Manual work step description
Figure 10 

Integrating manual work steps by giving the user all necessary parameters and asking them to select the generated results.

Apart from the interactive nodes, KadiStudio offers various other built-in nodes such as Variable, Loop or ifBranch that allow to manipulate the workflow execution and facilitate the formulation of generic research workflows. The provision of these built-in nodes in the workflow system KadiStudio thus not only guarantees the reproducibility of any manual or digital research process, but also allows for the repurposability of the workflows.

4.2 Adding new nodes

To guarantee the interoperability of modelled workflows and to model the heterogeneous tool landscape present in scientific research, the repertoire of nodes available in KadiStudio must be easily extendable.
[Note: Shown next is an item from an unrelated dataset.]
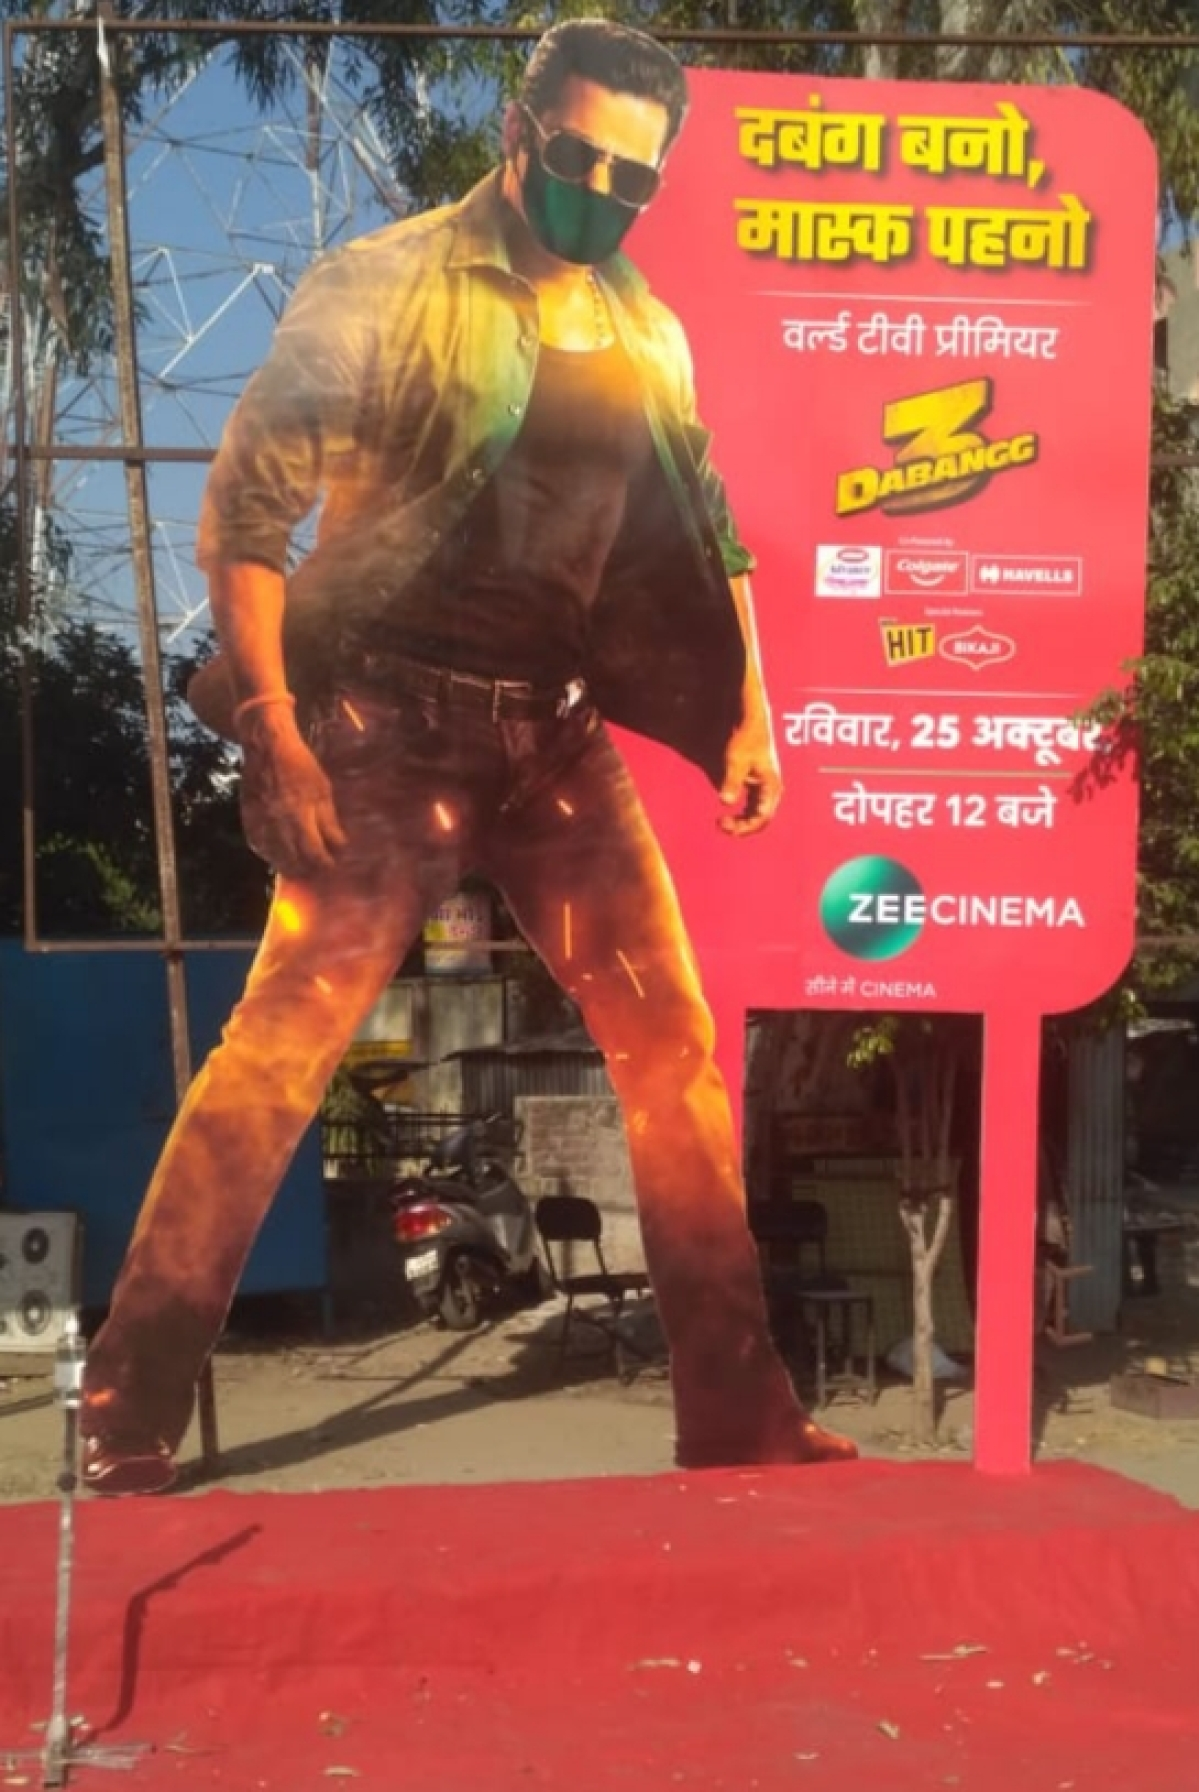 Zee Cinema promotes the World Television Premiere of Dabangg 3 with a  campaign #DabanggBanoMaskPehno

In this way, custom functionalities and data conversion nodes can be incorporated into the workflow editor, enabling formulation of arbitrary workflows and their application to different file formats for instance. The interface for integrating new tools was therefore kept as simple as possible. Prerequisites for a new node to be added to the editor are only that the underlying CLI-command is (1) executable and (2) provides the --xmlhelp option. The --xmlhelp option returns a machine-readable description of the command, that is needed by the workflow editor to create the visual representation of the command within the editor. In case the desired tool does not provide this option, it can be added retroactively, for example, with a wrapper script using the xmlhelpy Python library (Kadi4Mat Team & Contributors 2022d). Listing 1 of appendix A shows an abbreviated, exemplary implementation of such a Python wrapper for the echo command. The XML output generated by this wrapper is shown in Figure 11.

Xml-description of a tool
Figure 11 

XML output of the wrapper script shown in Listing 1 of appendix A, that is printed when using the --xmlhelp option. The root element program specifies the command as a regular tool. Each of the param elements represents a configurable option of the wrapped command.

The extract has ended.